Dr Haglund was joined by renowned US academic David Foran, who says the infamous Dr Crippen was not guilty as charged. Dr Hawley Harvey Crippen was an American homeopathic physician hanged in Pentonville Prison, on 23 November 1910, for the murder of his wife, would-be music hall singer Cora Henrietta Crippen (stage name Belle Elmore). Dr Crippen’s wife disappeared and later body parts were found buried in the cellar of their home. Dr Crippen and his lover Ethel ‘Le Neve’ Neave, disguised as a boy, were sailing to Canada when the Captain of the ship spotted them and alerted the British authorities by telegram, making him the first criminal to be captured with the aid of wireless communication. However Dr Foran says mitochondrial DNA evidence shows that the remains found beneath the cellar floor in Crippen's home were not that of Cora Crippen; his research was based on genealogical identification of her two grand-nieces.

The conference also featured an evening event with the creator of the popular forensics drama Waking the Dead Barbara Machin. Responsible for attracting 8M viewers to the BBC, she discussed screening forensics.

The international event, sponsored by the Centre for the History of Science, Technology and Medicine (CHSTM), at Manchester’s Faculty of Life Sciences, and the Wellcome Trust, examined in analytical and historical perspective the remarkable prominence of forensic science and medicine in contemporary culture. It brought together leading scholars from history, sociology and socio-legal studies, media and cultural studies, and practitioners working within the diverse locations of forensic culture – from crime scenes and bio-medical laboratories to television studios. Topics for discussion included the politics and practice of DNA evidence, the use of "cold case review" in re-evaluating celebrated murder trials from the past, the historical invention of "crime scene investigation", the work of forensic identification at mass grave sites, and media forensics.
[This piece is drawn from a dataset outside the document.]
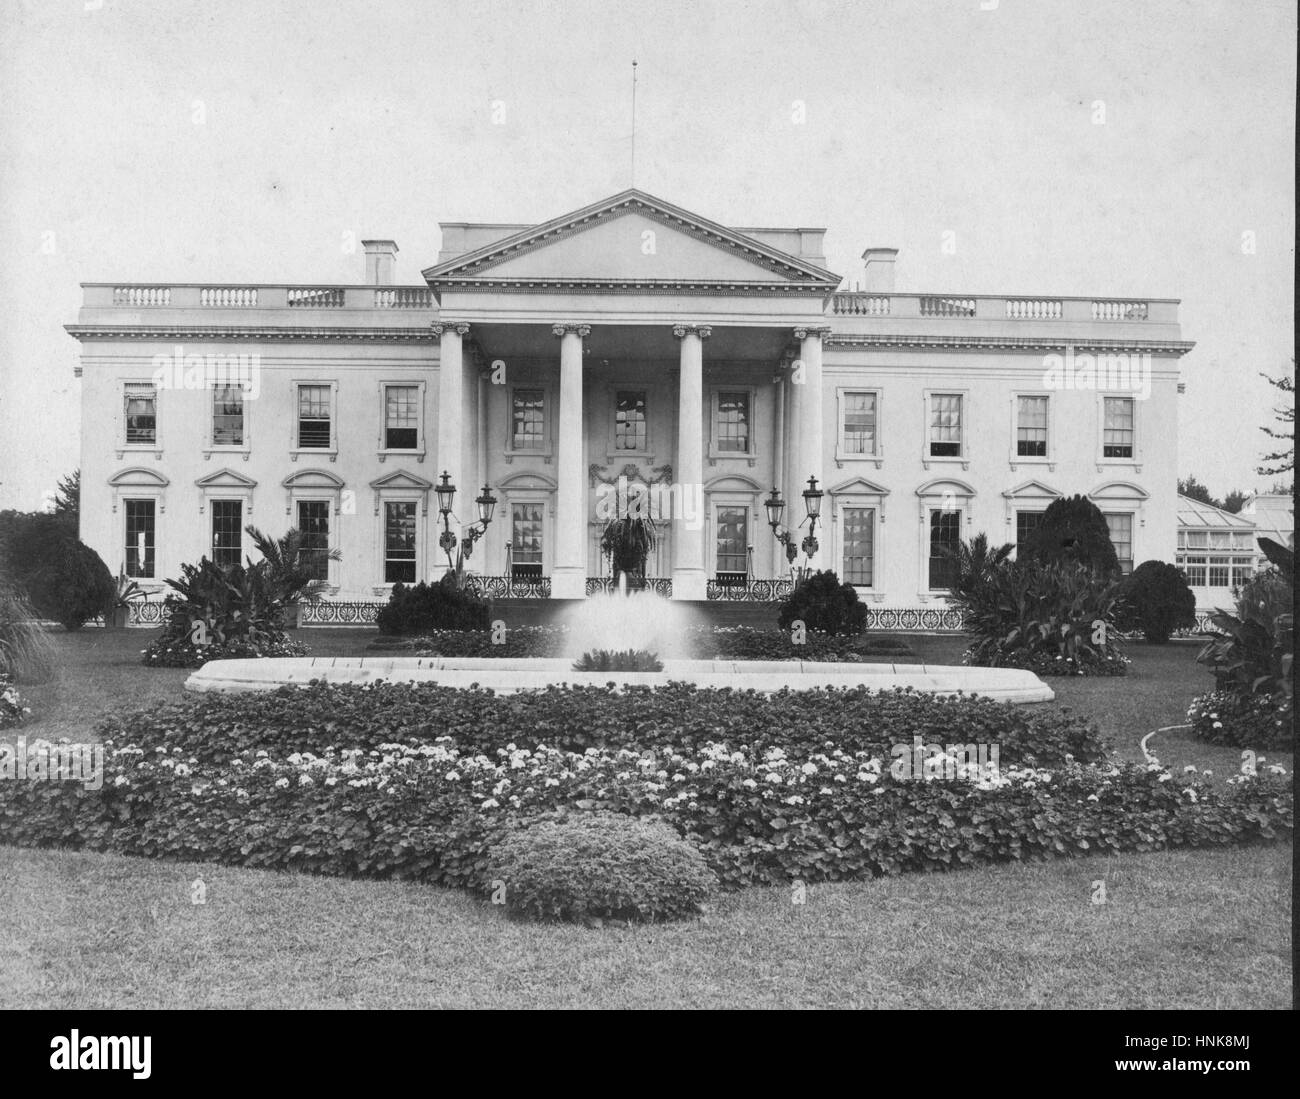 'The White House' c. 1898, at 1600 Pennsylvania Ave. NW.  This is the north side of this American icon, facing Pennsylvania Ave.  Note the Conservatory at the right end of the building. This was replaced by the brand new West Wing in 1902.  No flag on the flag pole. Note the fancy old style of iron fence on the porch. The photo was taken by Mr. J.F. Jarvis, whose studio was at 135 Pennsylvania Ave.  Jarvis had been taking other photos of the White House for decades, both inside and out.   To see my other Places-related vintage images, Search:  Prestor  vintage  places Stock Photo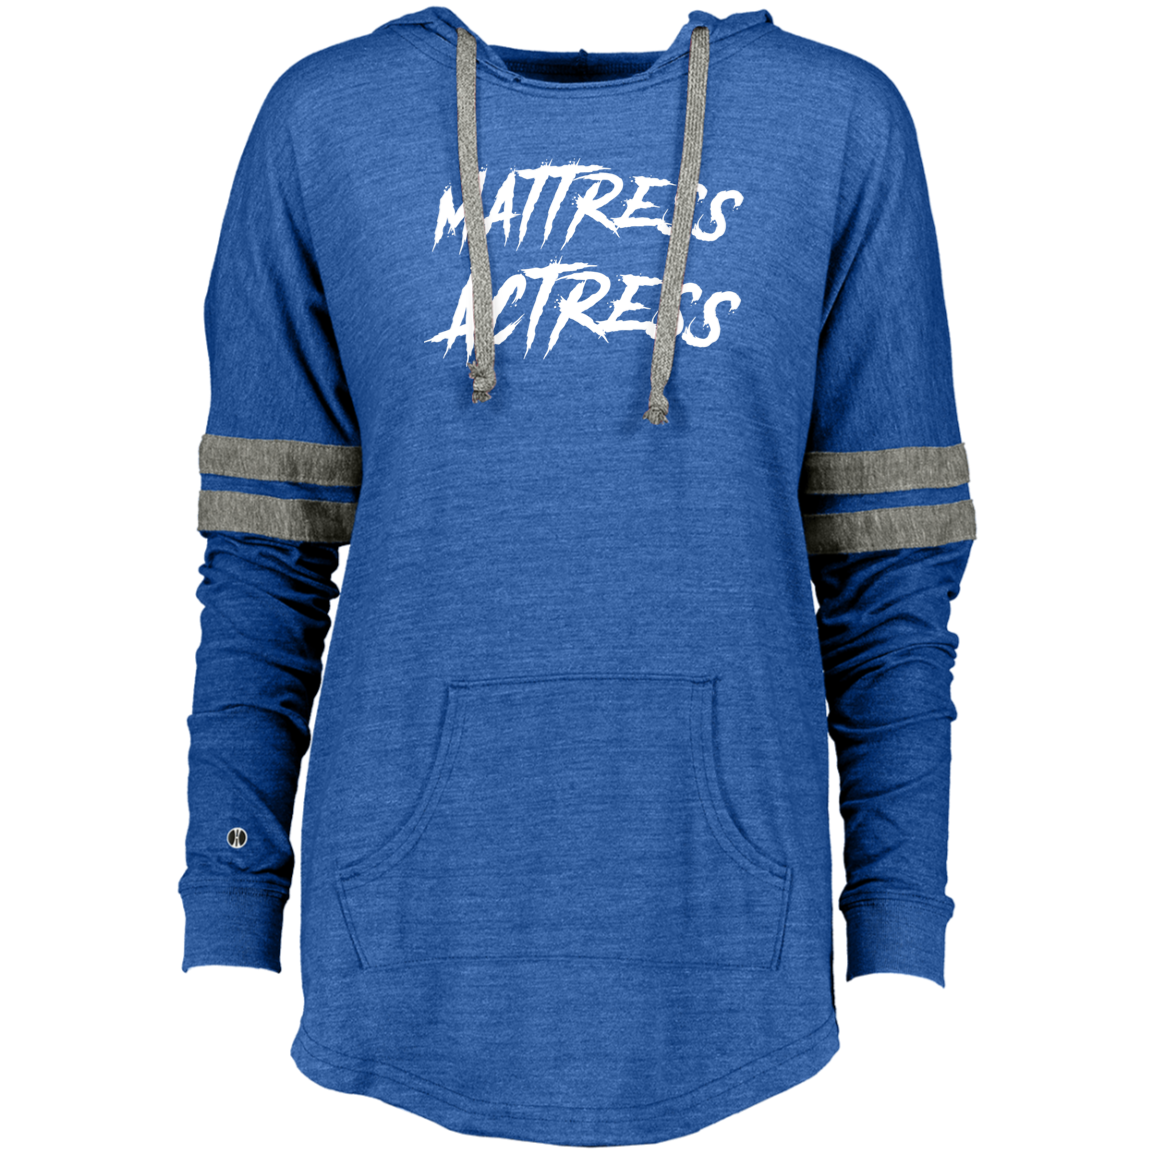 "Mattress Actress" Ladies Hooded Low Key Pullover

Organiser Dr Ian Burney said: “In the courtroom, in newspapers, and on our television screens, modern day forensics has never been so visible, so compelling and, in some respects, so contentious. This conference placed the remarkable prominence of forensic science and medicine in contemporary culture in analytical and historical perspective.”

Co-organiser Dr David Kirby added: “It brought together leading scholars from history, sociology and socio-legal studies, media and cultural studies, and practitioners working within the diverse spaces of forensic culture – from crime scenes and bio-medical laboratories to television studios. It will enable a genuinely cross-disciplinary conversation of interest to a broad audience of academics, forensic practitioners and the public.”